(Recorded information)

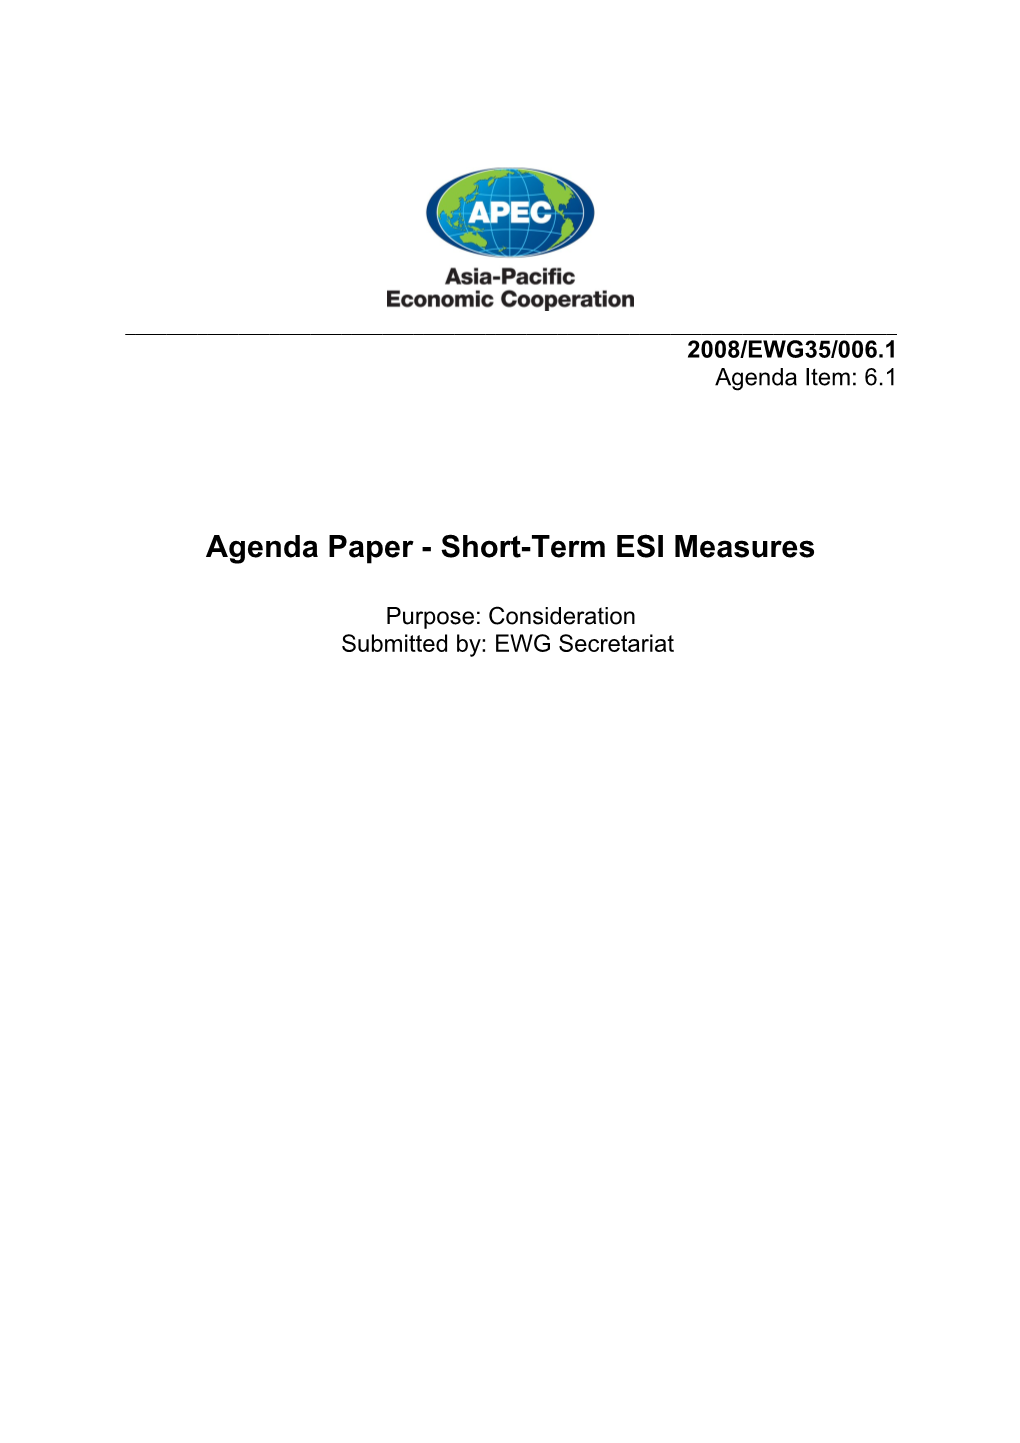 APEC and EWG Secretariat Report
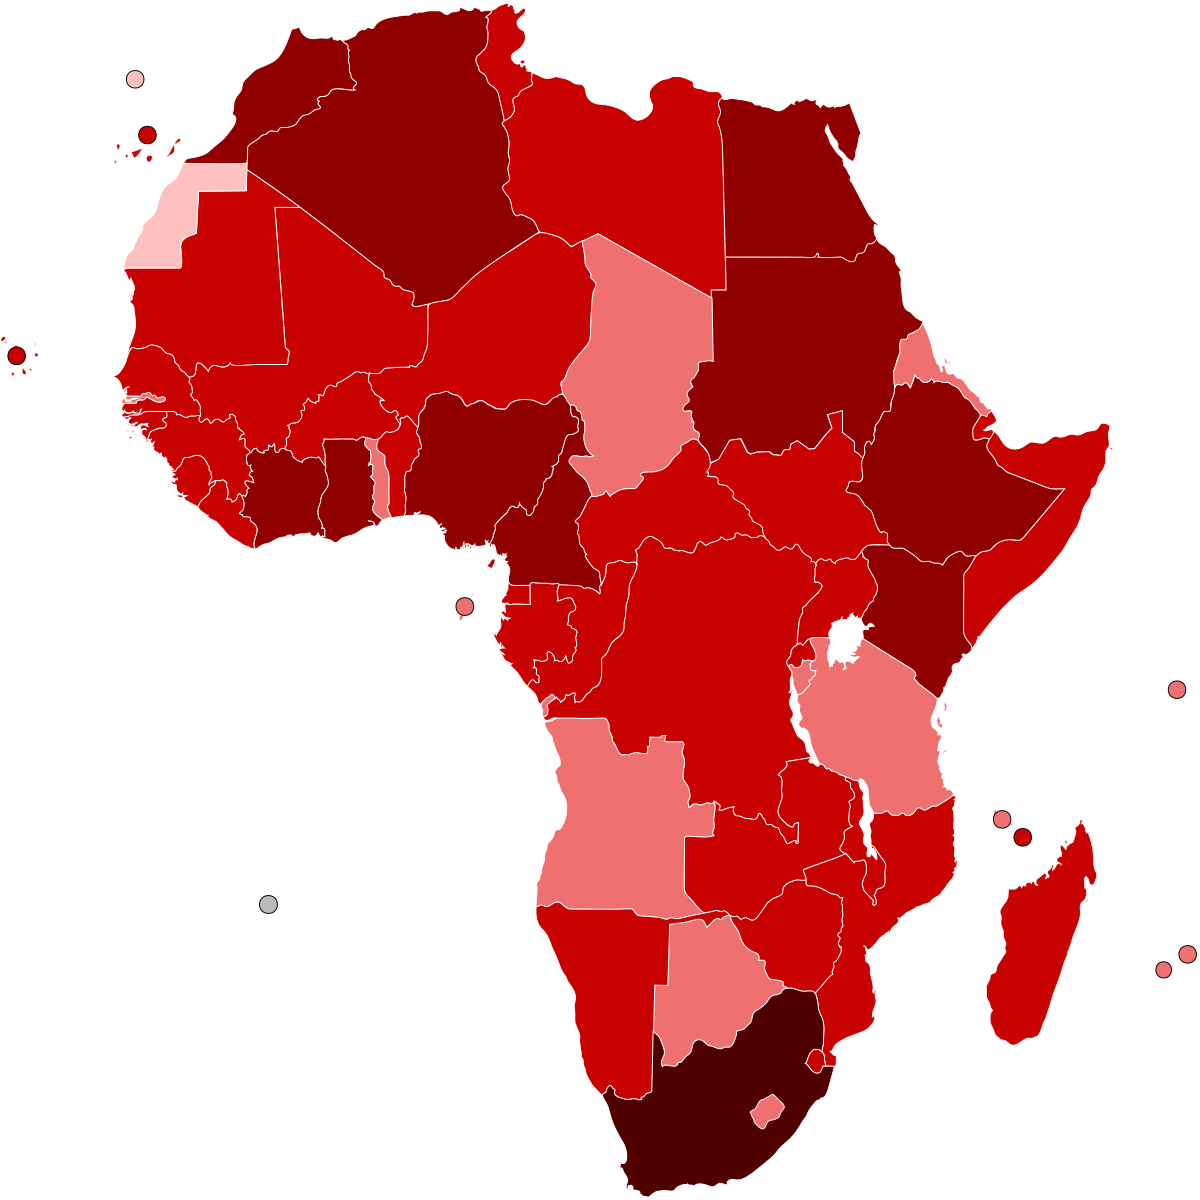 COVID-19 pandemic in Africa - Wikipedia
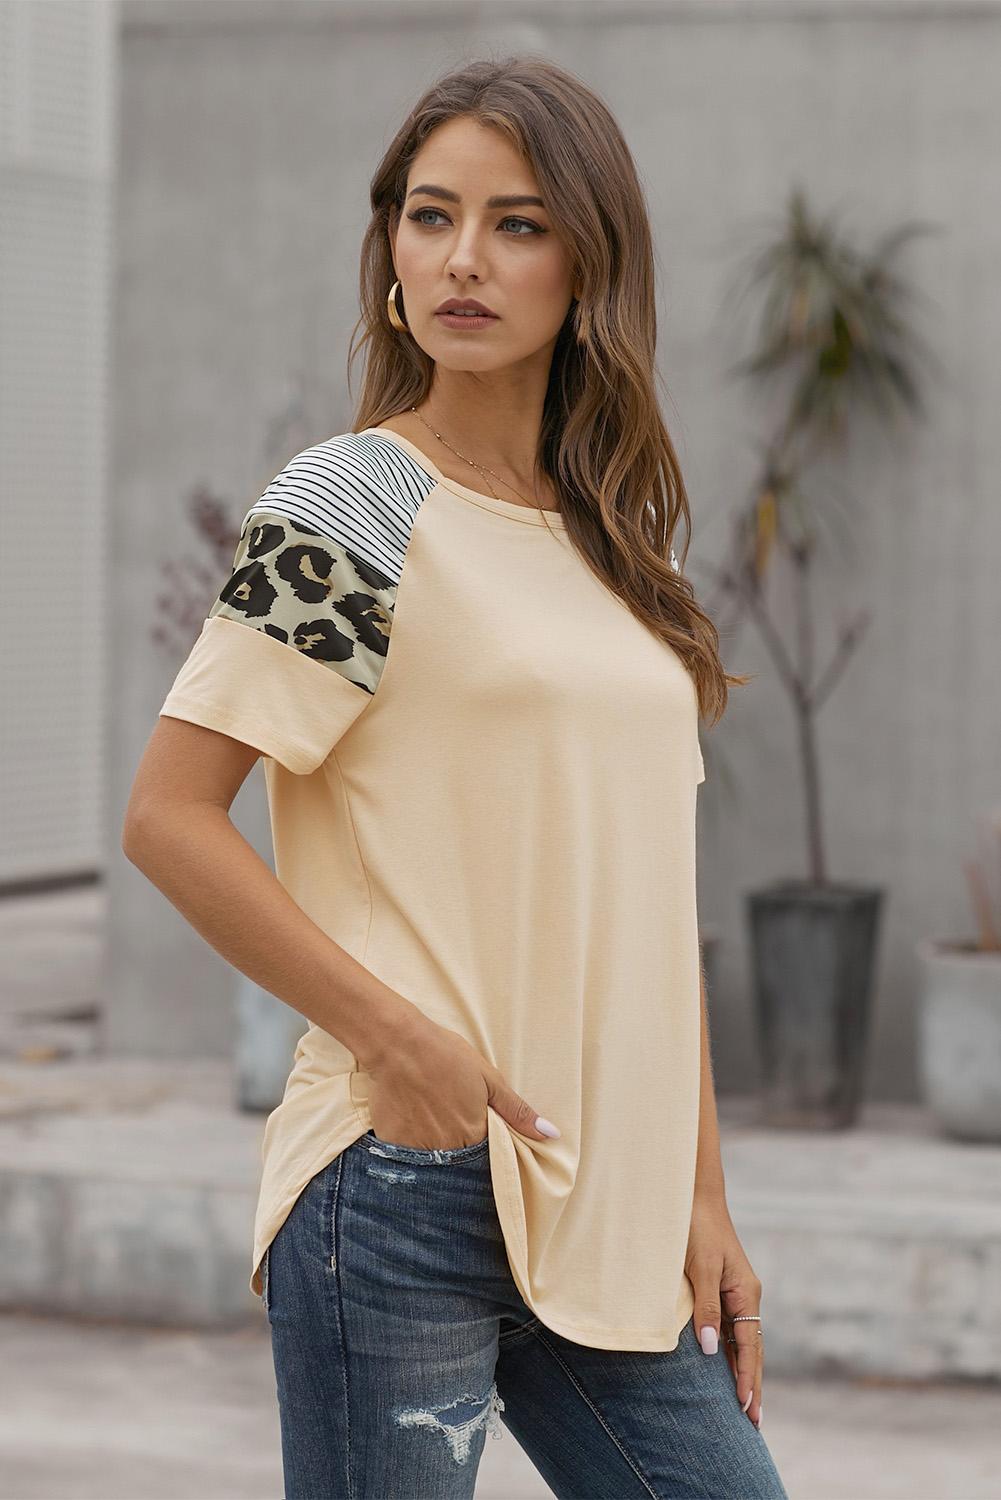 Khaki Striped Leopard Print Short Sleeve T-shirt For Women

(End Recorded information)

Instructions to follow:
The copy has to start at the line that contains "COVID-19 pandemic in Africa - Wikipedia" and end at the last line of the material above, matching the original exactly and holding no pictures.

Task response:
 COVID-19 pandemic in Africa - Wikipedia
 Khaki Striped Leopard Print Short Sleeve T-shirt For Women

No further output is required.